With a new project on the board, many are lefting thinking that the lead astrophysicists at NASA may have been inhaling a bit too much helium, lately. NASA recently stepped-forward and proposed that we very well one day might send astronauts, via a Hindenburg-like balloon, toward Venus' upper-atmosphere to research the possibility of a "cloud city community."

The current state of Venus is described as global warming on Earth gone awry. The surface of the water-less planet's a bone-ashing 1,000 degree Fahrenheit, hot enough to liquefy lead. And, while the smell of burning hair begins to permeate your olfactory senses, you'll be cooled down by the highly-acidic rain, pouring down from the always-present stormy weather. Not a very hospitable picture.

"The vast majority of people, when they hear the idea of going to Venus and exploring, think of the surface, where it's hot enough to melt lead and the pressure is the same as if you were almost a mile underneath the ocean," says Chris Jones, Aerospace engineer at NASA Langley Research Center. "There are things that you would need to do for a Mars mission, but we see a little easier path through Venus."

So the idea, obviously, with a cloud city is to establish a livable―albeit, completely artificial―and hospitable environment that humans could, theoretically, take residency in.

"Venus has value as a destination in and of itself for exploration and colonization. But it's also complementary to current Mars plans," Jones added. "There are things that you would need to do for a Mars mission, but we see a little easier path through Venus."

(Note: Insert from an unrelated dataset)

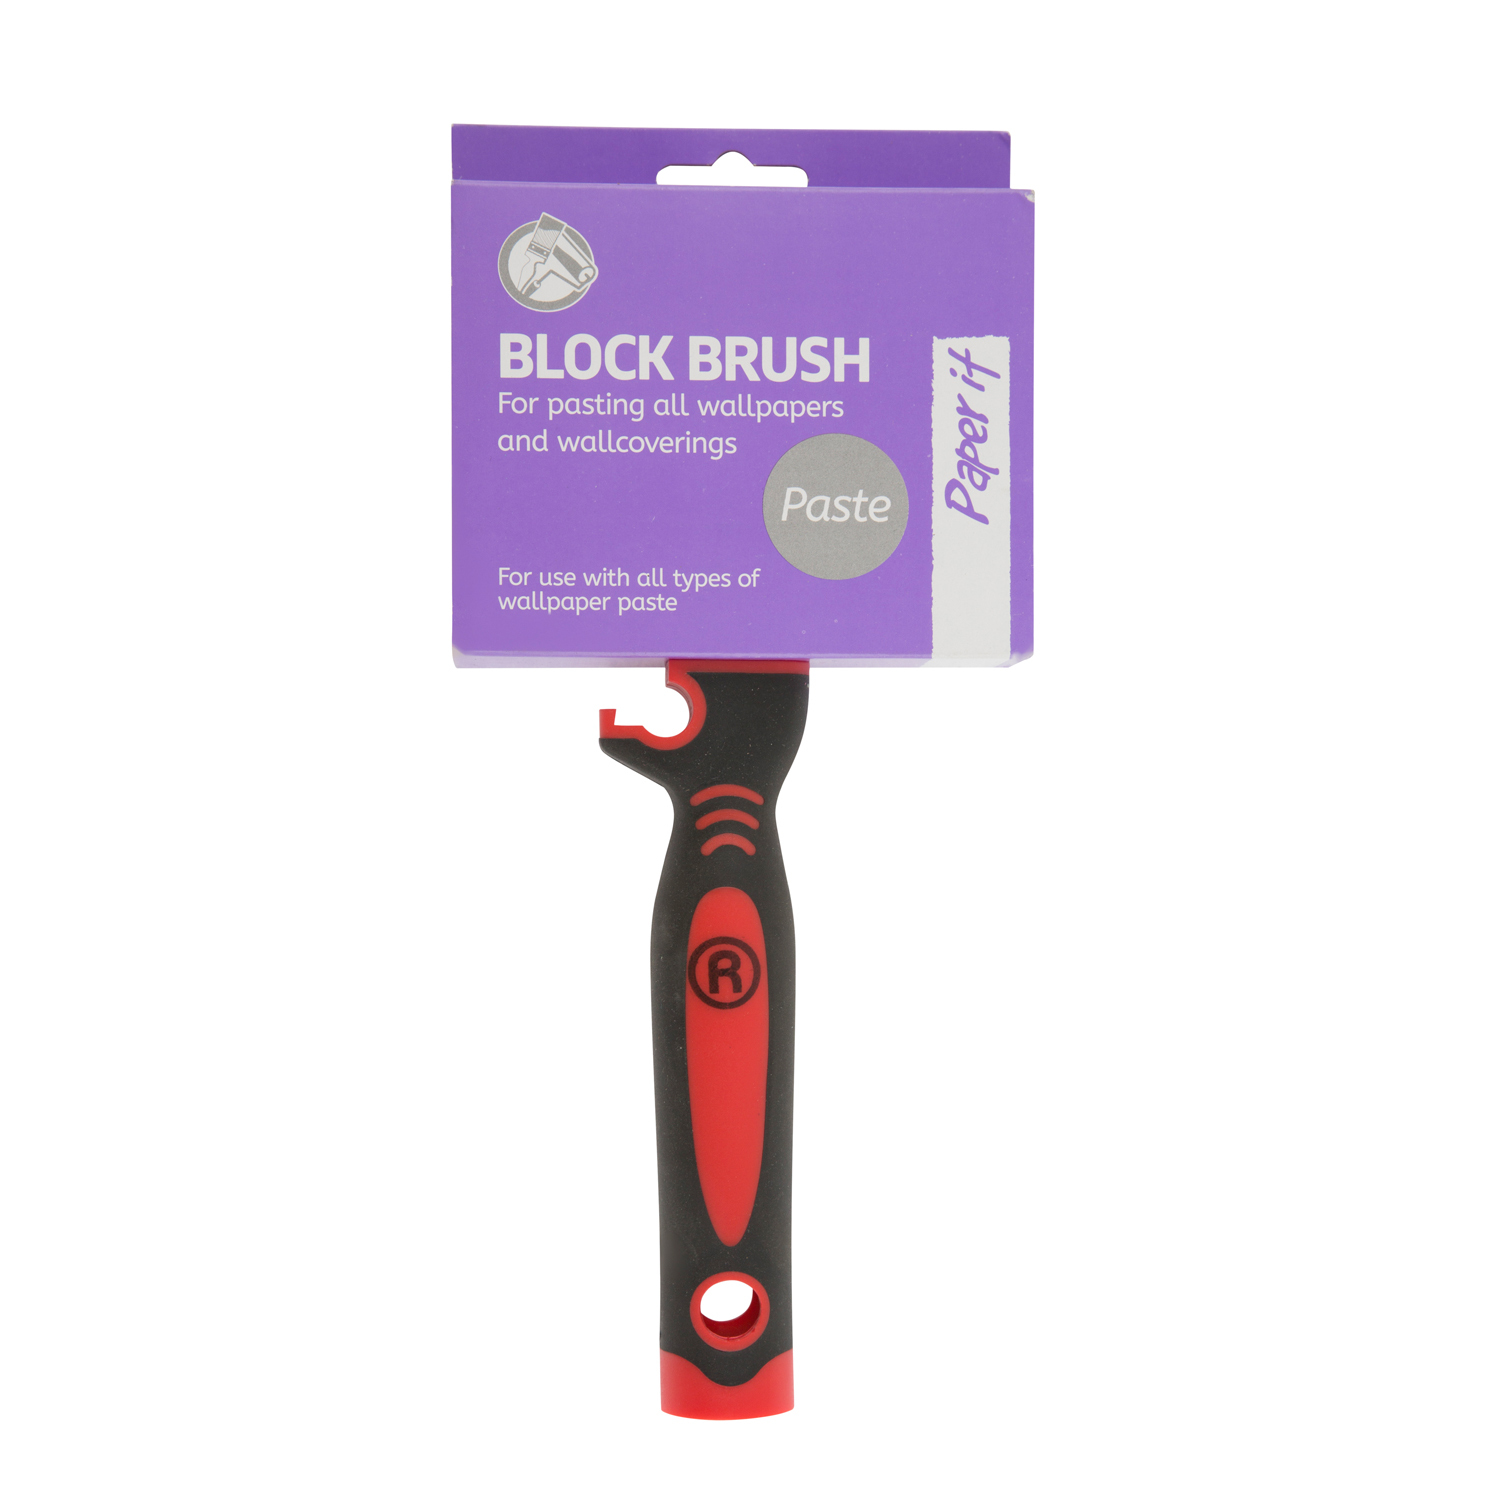 Block Brush Paste Image
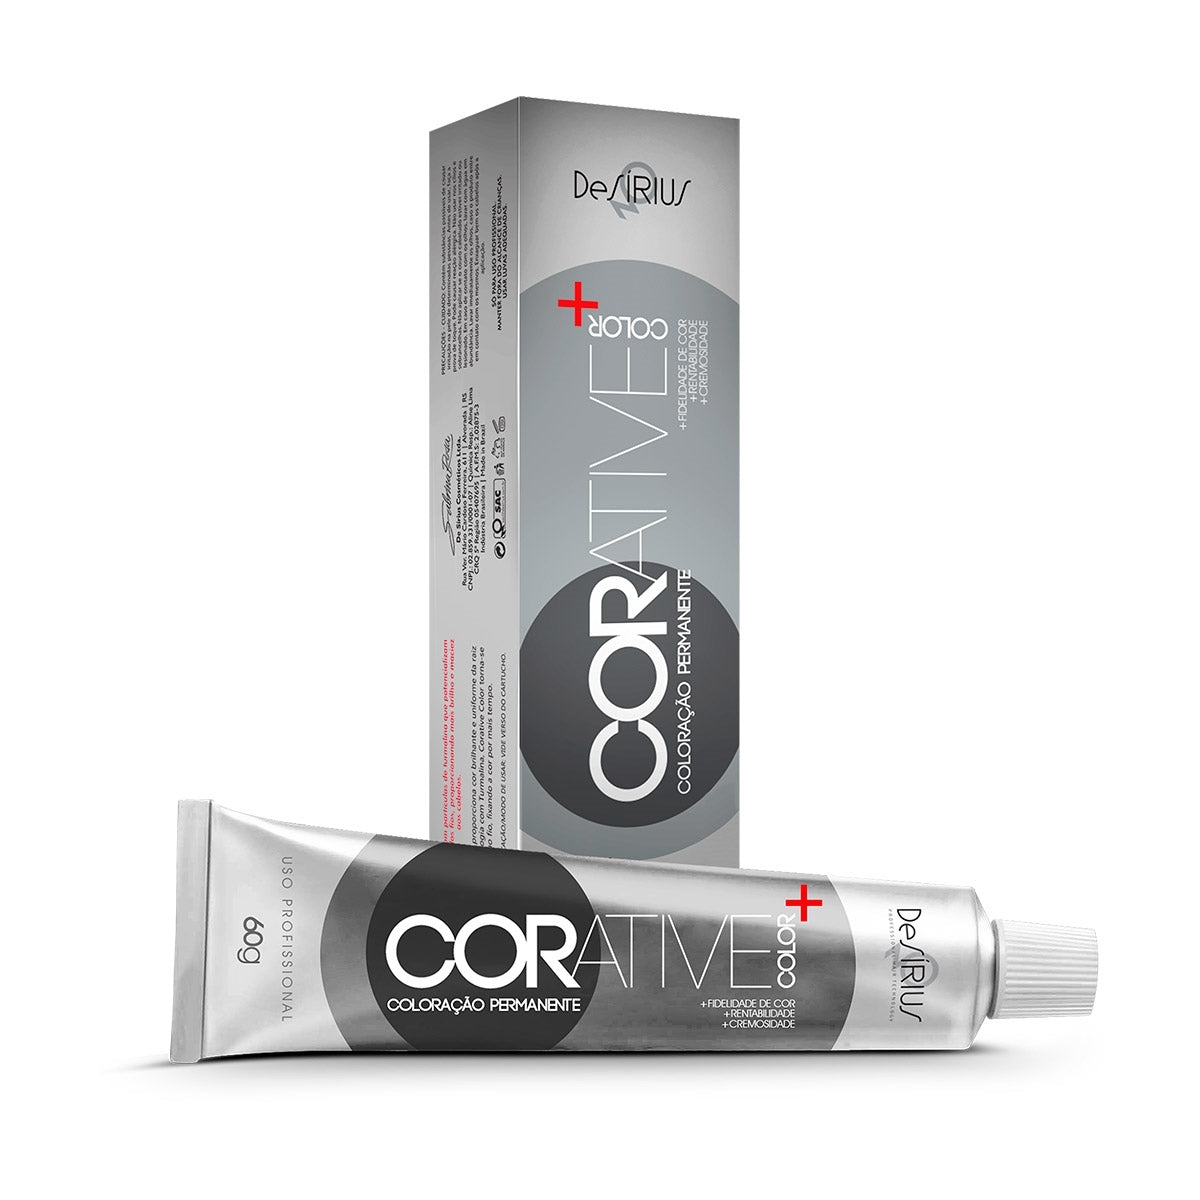 CORATIVE COLORATION - 9.0 EXTRA LIGHT BLOND - 60G FS Cosmetics

And HAVOC (High Altitude Venus Operational Concept) is the very up-front code-name given to the project. The colonial crown jewel of HAVOC  is it's Teflon-coated balloon concept. Ideally, a small space pod, containing no more than two astronauts, would enter Venus' upper atmosphere at a blazing 7200m per-second, deploying the solar-heat-inflatable before reaching what NASA is calling the "Atmosphere Operation," where the astronauts will then conduct their research.

"If you did Venus first, you could get a leg up on advancing those technologies and those capabilities ahead of doing a human-scale Mars mission. It's a chance to do a practice run, if you will, of going to Mars," says Dale Arney, HAVOC and NASA researcher.